In conclusion, ensuring the security of AK and SK is crucial for safeguarding the security of systems and data. By strictly adhering to security best practices and properly managing and using AK and SK, security risks can be mitigated, and the effectiveness of authentication and access control can be ensured.
AuthNode:Authentication Module
Requirements: Add authentication to the Master node or other important interfaces in the access process to prevent unauthenticated clients and internal nodes from joining the cluster. Verification is required when important information is pulled.
Principles: Authnode is a secure node that provides a universal authentication and authorization framework for CubeFS. In addition, Authnode serves as a centralized key storage for both symmetric and asymmetric keys. Authnode adopts and customizes the ticket-based Kerberos authentication concept. Specifically, when a client node (Master, MetaNode, DataNode, or client node) accesses the service, it needs to present a shared key for authentication to Authnode. If the authentication is successful, Authnode issues a time-limited ticket specifically for that service. For authorization purposes, functionality is embedded in the ticket to indicate who can do what on which resources.
- Startup Configuration steps in CubeFS (refer to docker/run_docker4auth.sh)
- The super administrator uses the key of authnode and can generate exclusive keys for each module through the createKey API. For example, the client is Ckey and the master is Skey. At the same time, the corresponding relationship between module ID and Key will be stored in AuthNode;
- Configure ID and Key for each module and start the service.
- Expand the scope of Master interface verification The Master interface requires a significant amount of operational management at both the volume and cluster levels. It is essential to ensure the security of cluster management. To achieve this, you can enable the "authenticate" configuration on the Master. This will require interface operations to undergo a secondary verification of the correctness at Authnode.
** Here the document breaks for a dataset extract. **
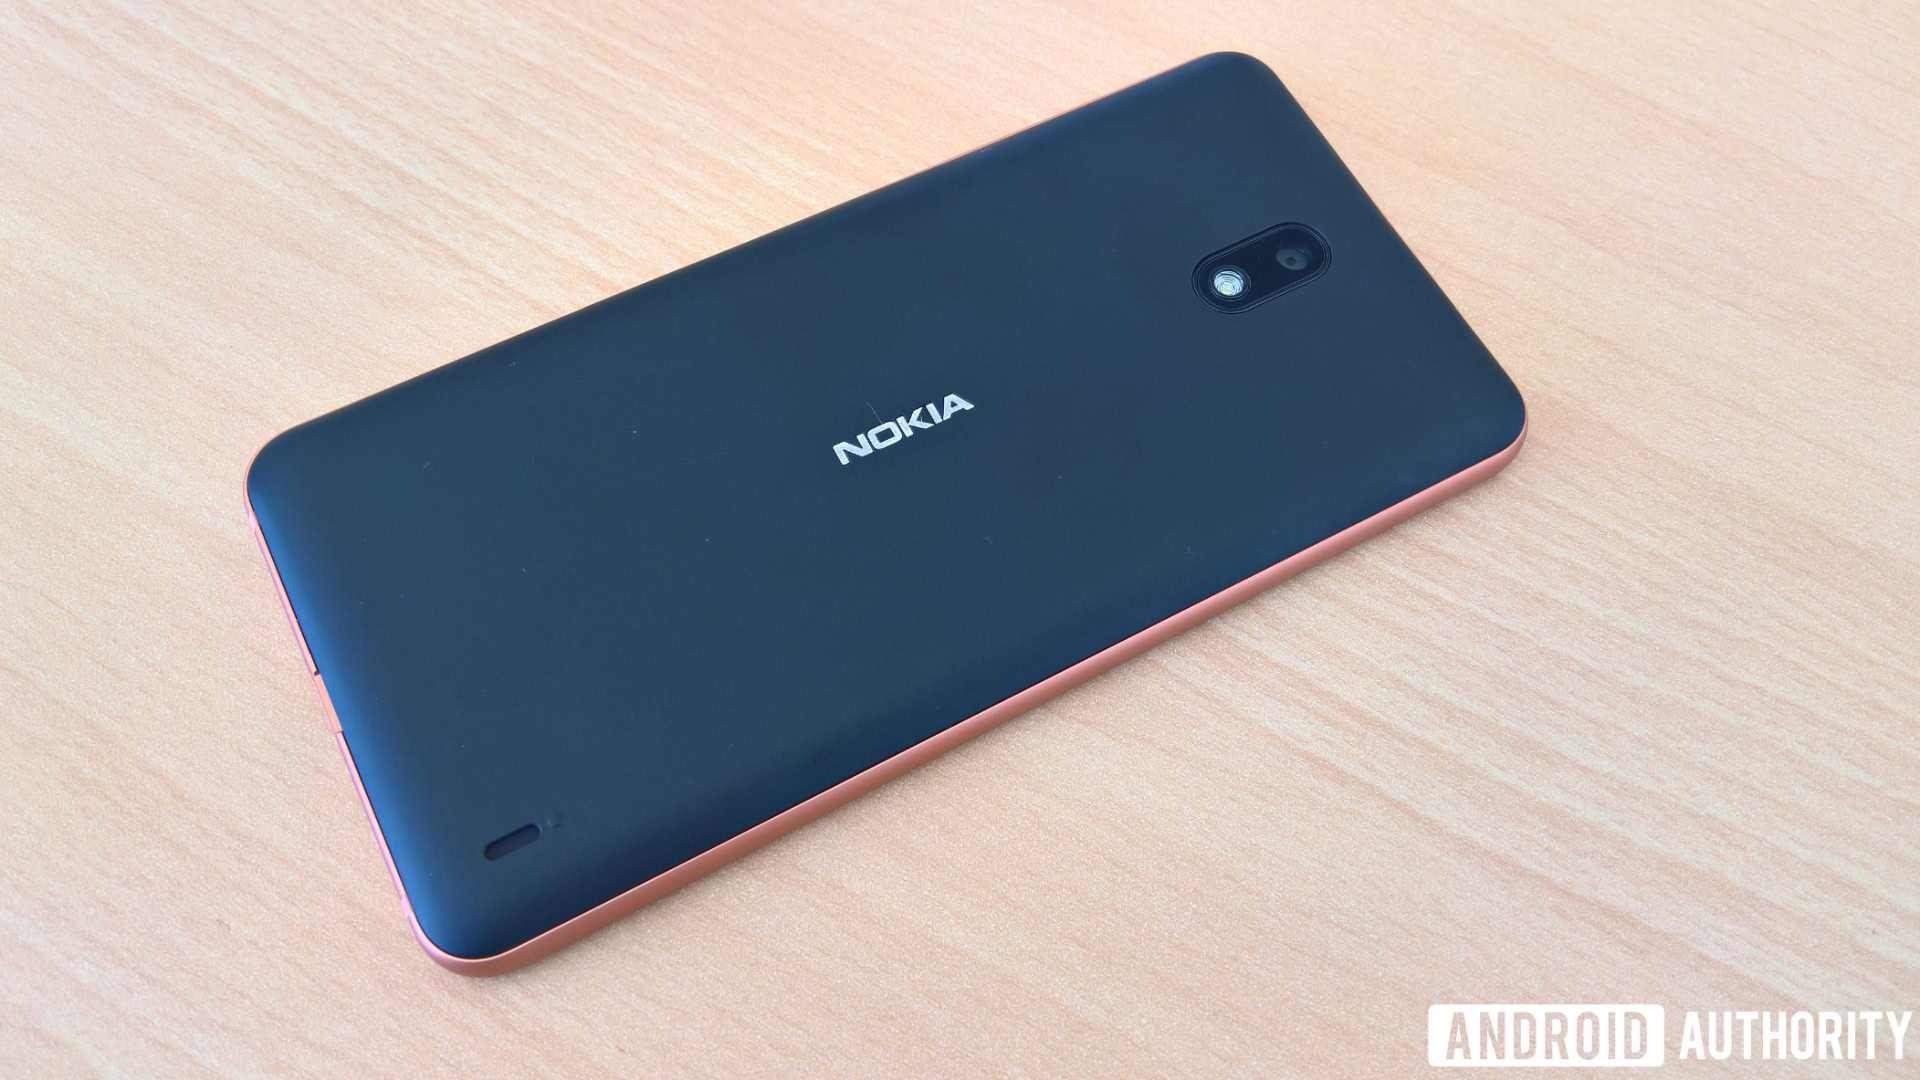 Nokia soars to #11 smartphone brand globally - Android Authority

Authorization Policies and Management
Permission Levels
- Permissions are divided into admin privileges and regular user privileges. Admin privileges include management privileges of regular users and operational privileges at the volume level, which are displayed in the system through the "owner" field.
- Regular user privileges are based on admin authorization and have fixed access paths (such as the root directory) and operational permissions (read, write). Users can only operate on files or directories within their own mounted directory and its subdirectories.
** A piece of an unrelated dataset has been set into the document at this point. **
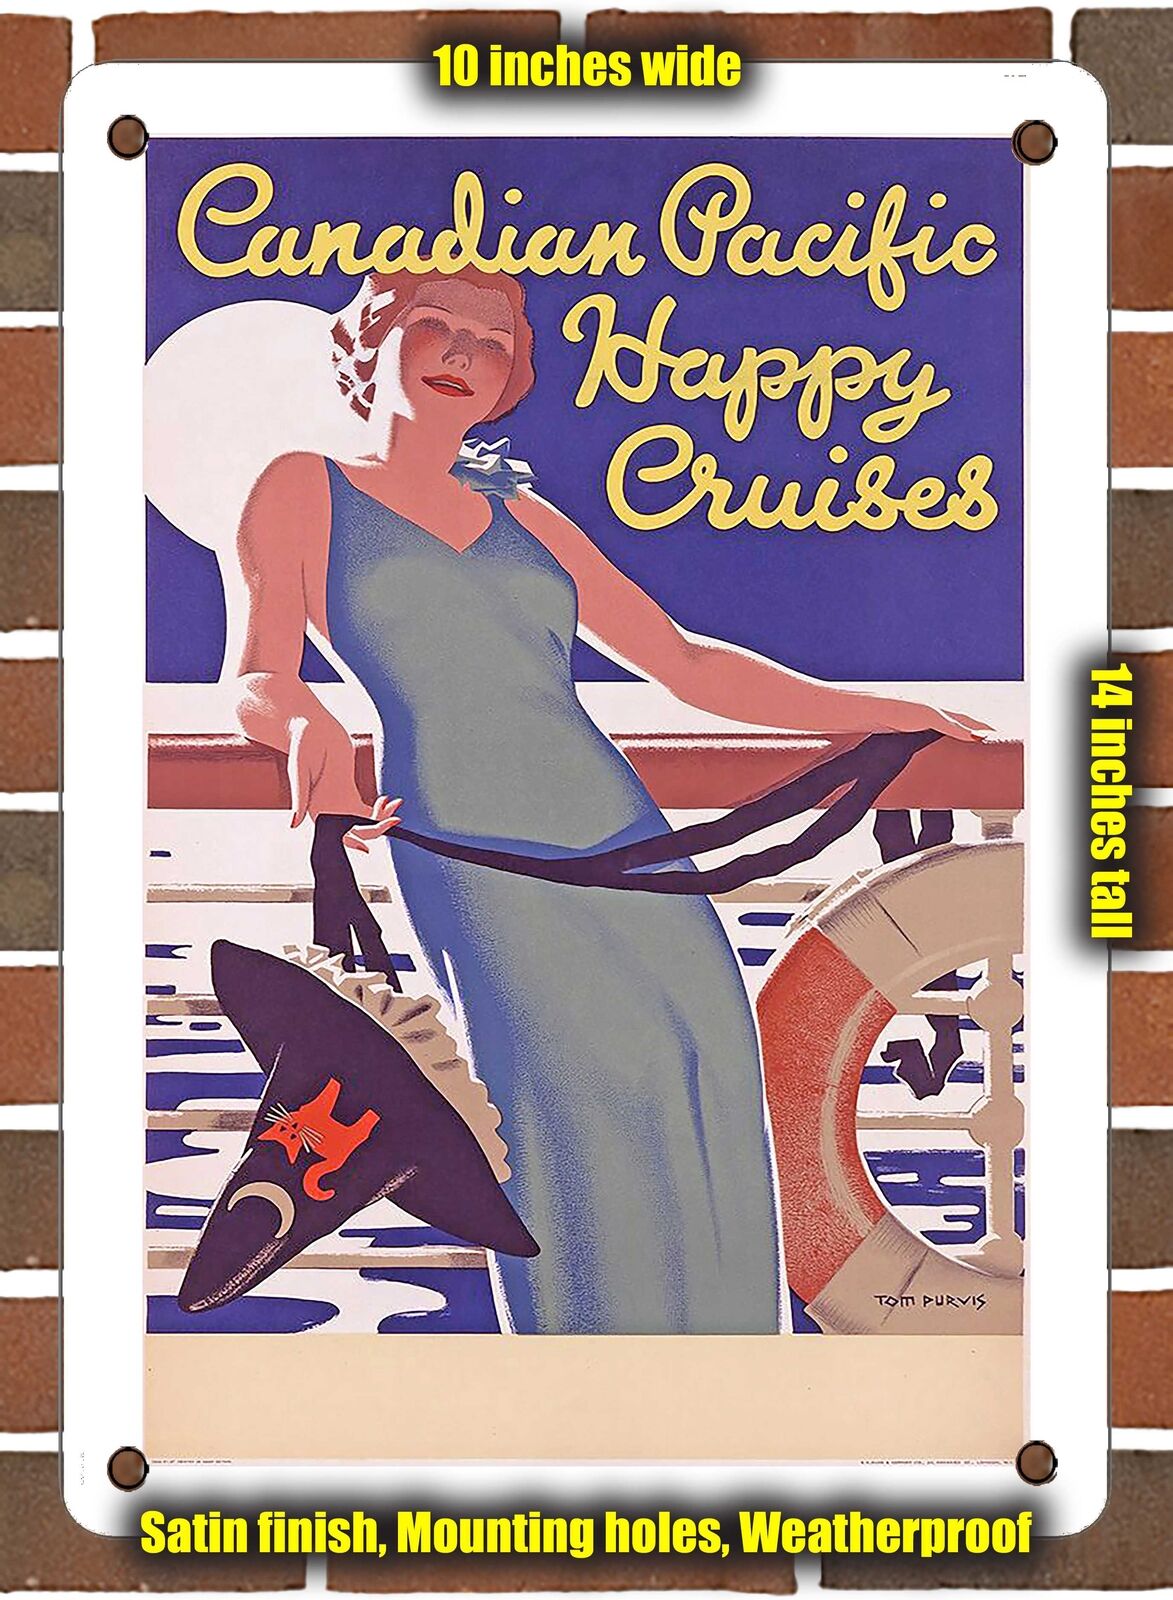 METAL SIGN - 1937 Canadian Pacific Happy Cruises - 10x14 Inches

- From the perspective of volumes, users are classified into two types: read-only users and read-write users. Read-only users can only read files or directories and cannot modify them. Additionally, it is possible to restrict users to access only specific subdirectories. After mounting, CubeFS supports permission checks based on Linux user, group, and other permission restrictions. For example, given the following file permissions: -rwxr-xr-x 2 service service f1, only the "service" user can modify the file, while other non-root users can only read it.
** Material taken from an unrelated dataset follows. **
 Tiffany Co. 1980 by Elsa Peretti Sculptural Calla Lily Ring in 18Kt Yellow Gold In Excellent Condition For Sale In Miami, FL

User managment:https://cubefs.io/docs/master/tools/cfs-cli/user.html
Permission Management
The creation request goes through the governance platform for approval. After creation, the usage of the owner (admin) can be tightened, with the ability to delete volumes. The admin account for the volume is created and managed by the governance platform, automatically generated based on naming rules. Sharing a single admin account is otherwise insecure, so a regular account is provided to the business.
For example: When integrating with middleware, a regular account is authorized and provided to the business. The governance platform retains the owner information, and any deletion requests need to be submitted through the governance platform for approval.
ladp+autoMount
The role of LDAP
- User Authentication: LDAP can be used to authenticate user identities. Usernames and passwords can be stored in an LDAP directory, and when a user attempts to authenticate, the system can communicate with the LDAP server via the LDAP protocol to verify if the credentials provided by the user match those stored in the directory.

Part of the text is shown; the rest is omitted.